Thursday, 18 March 2010
Work like you don't need the money
My friend sent me a couple of emails which I wrote when I worked in an office made of flimsy board situated at the bottom of one of Heathrow’s runways. So close in fact that I could pretty much wave to individual passengers from my desk, and 8 times out of 10 all of the car alarms in the industrial estate (for that is where I was lucky enough to work) went off every time a plane took off.
At the time I took this job, I had the choice of two, one in e-learning in Aberdeen at the lovely university, and this one as a web designer in an industrial estate where waiting for the bus would have kerb crawlers circling the roundabout looking out at you. So of course I chose the web design job, especially as I had never done an ounce of web design before in my life. But in those days I had the confidence to think ‘Uch, I’ll buy a book and learn as I go along’. I should explain I got this job on the basis that they liked my illustration style and the fact I mentioned Creme Eggs on my CV.

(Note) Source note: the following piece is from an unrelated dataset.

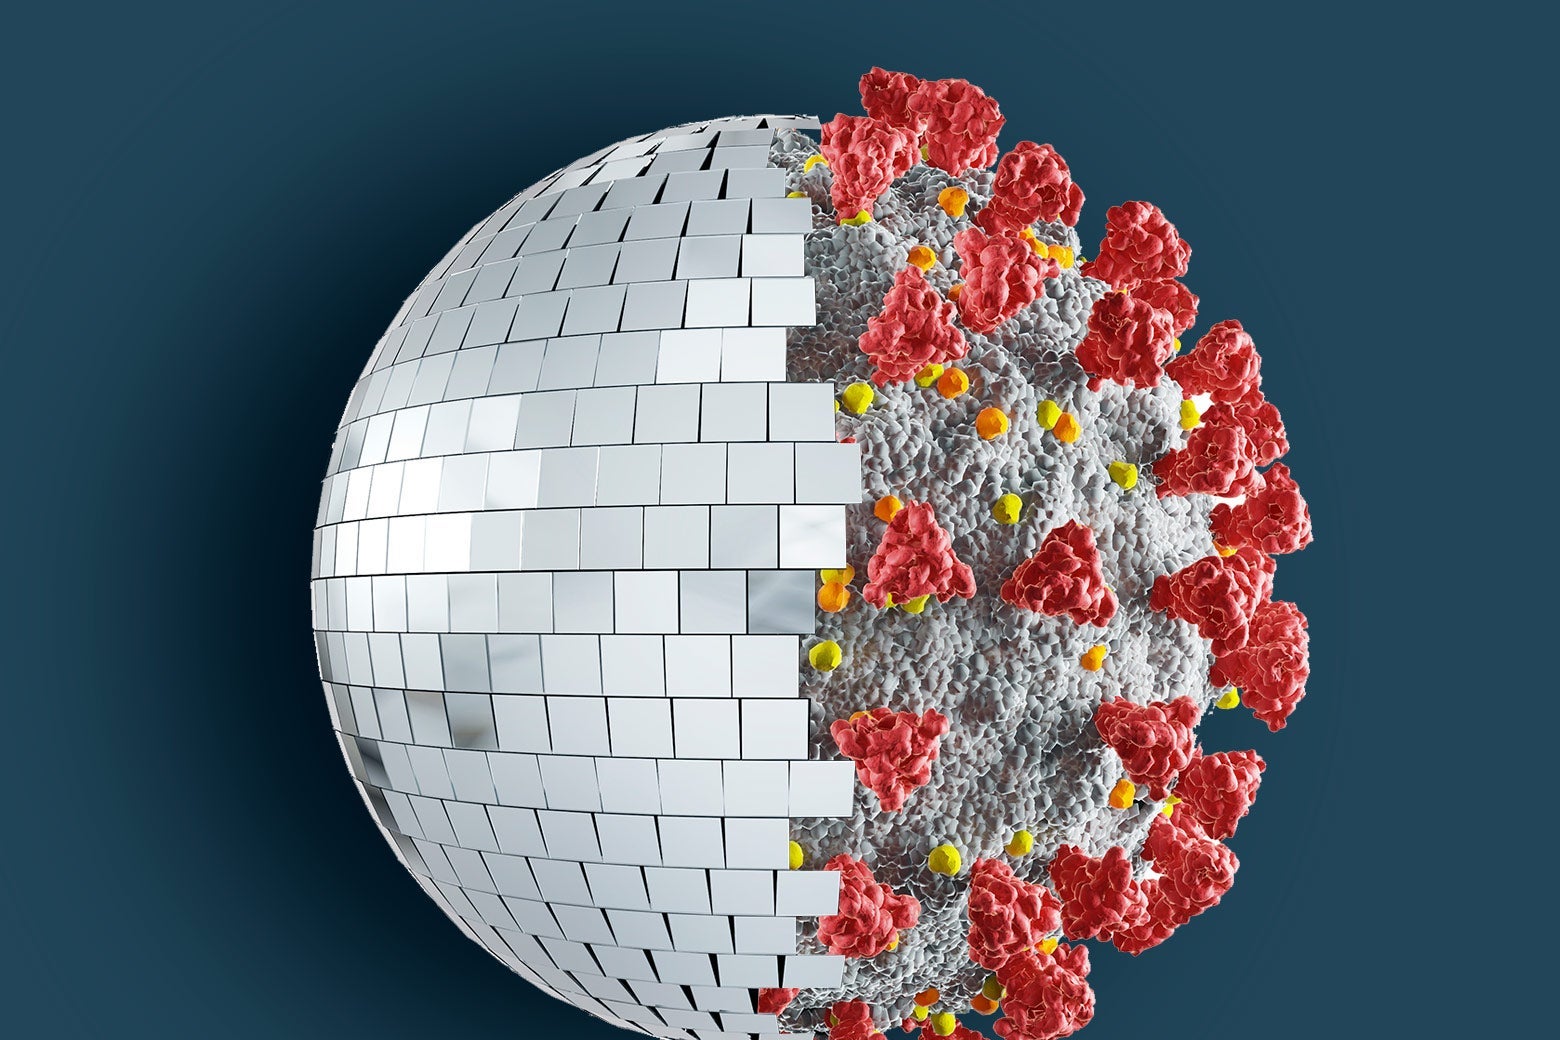 A sphere that is half a disco ball, half a novel coronavirus
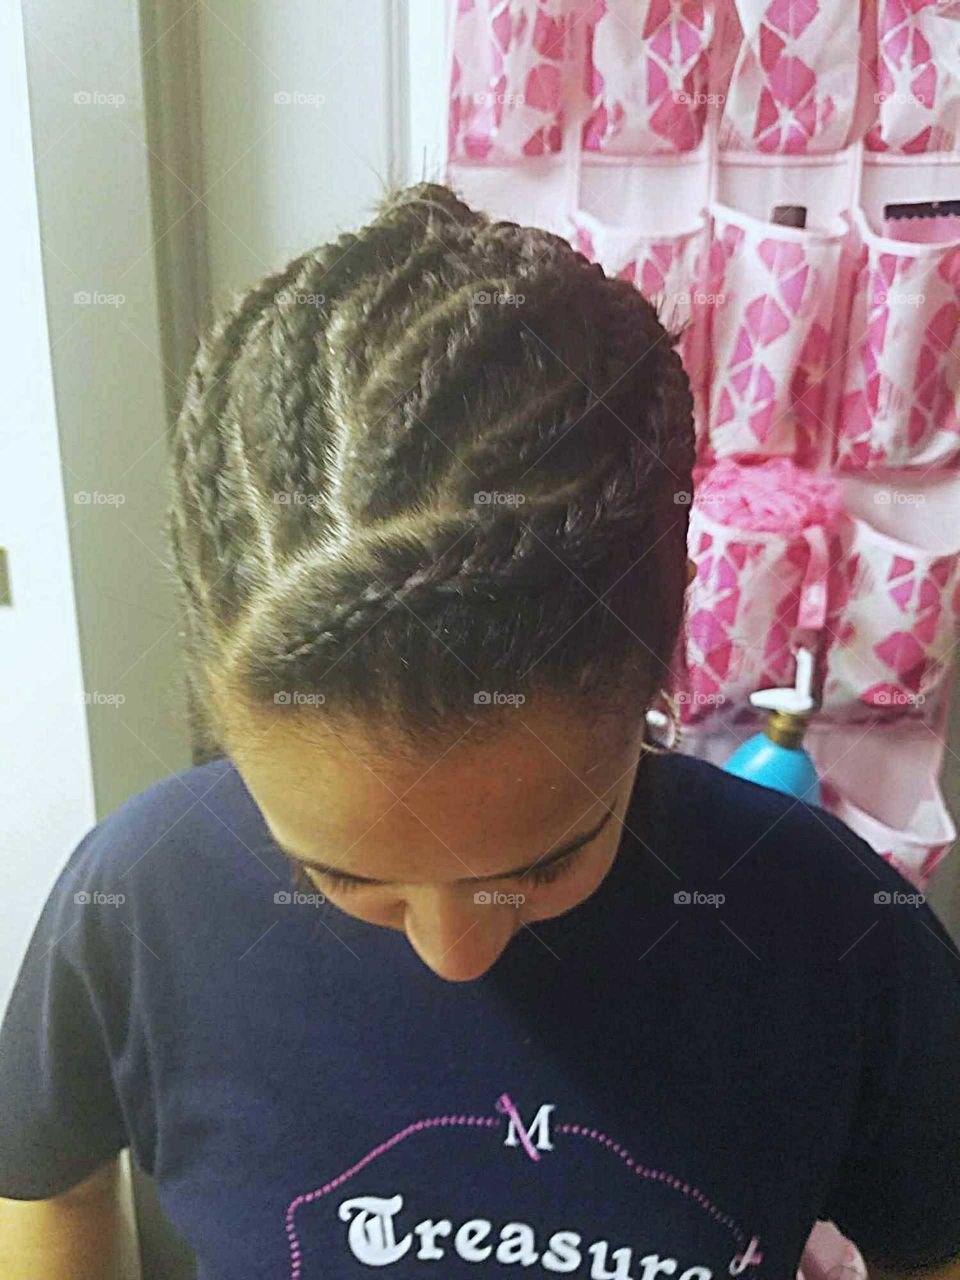 braided hair

And wouldn’t you know it, I got away with it, or at least I think I did. It was a small office and there were only 7 of us, 3 of whom were directors. Then there was the administrator, two programmers, and me. I pretty much hated the programmers. One of them sang Gilbert & Sullivan songs incessantly, but even that was nothing compared with the one I named ‘the crisp eater’. His diet consisted solely of things that could only be purchased at a 24 hour garage. The one he shopped at seemed to have a permanent special on beef flavoured crisps, which he ate all day long. To go with his beefy aftershave he sported a startling collection of boils, and had all of us jumping in our seats with his high-pitched, high-volume sneezing. I used to while away hours during the working week wondering how I could get rid of him.
The sneezing became a hot discussion topic amongst the rest of us; we would gather at the dishwasher (there might only have been 7 of us but we had a dishwasher because the Administrator and I refused to wash all the dishes just because we were women. It should be noted that I would also have needed to buy a book on washing dishes were this a requirement). Anyway, first it was thought that the crisp eater might be allergic to my perfume, so I made a concession and changed it, but it didn’t help. Then it was suggested that he might be allergic to my washing powder, at which point I put my foot down and said I wasn’t not washing my clothes just for him. And it wasn’t the office dog, for although I had begged for one, one of the directors was stricken with allergies too which put a stop to any dreams of an office bloodhound or an office peanut. This was another of our favourite conversations – How to carry out an emergency tracheotomy on xxxx, Stanley knife and then biro, or just stab the biro right into his throat. I believe all our knowledge was gleaned from Casualty and ER, so we were all really well-versed on the emergency tracheotomy procedure. Poor xxxx wasn’t very keen on either approach and simply banned peanuts from the building.
Anyway, the crisp eater never resolved his sneezing issue, but he did go on a health kick not long before I left. He got involved with some company that was attempting to carry out pyramid sales using Aloe Vera. The crisp eater tried to get the rest of us to go to a number of Aloe Vera conventions but by this point he was drinking it directly from a big white oil canister thing that he kept on his desk and this combined with the sneezing, beef crisps and occasional Ginsters product did not produce the enticing advert for its health benefits that I think he was hoping for.
I left before I was forced into an Aloe Vera cult, but I do miss them and all their funny little ways terribly.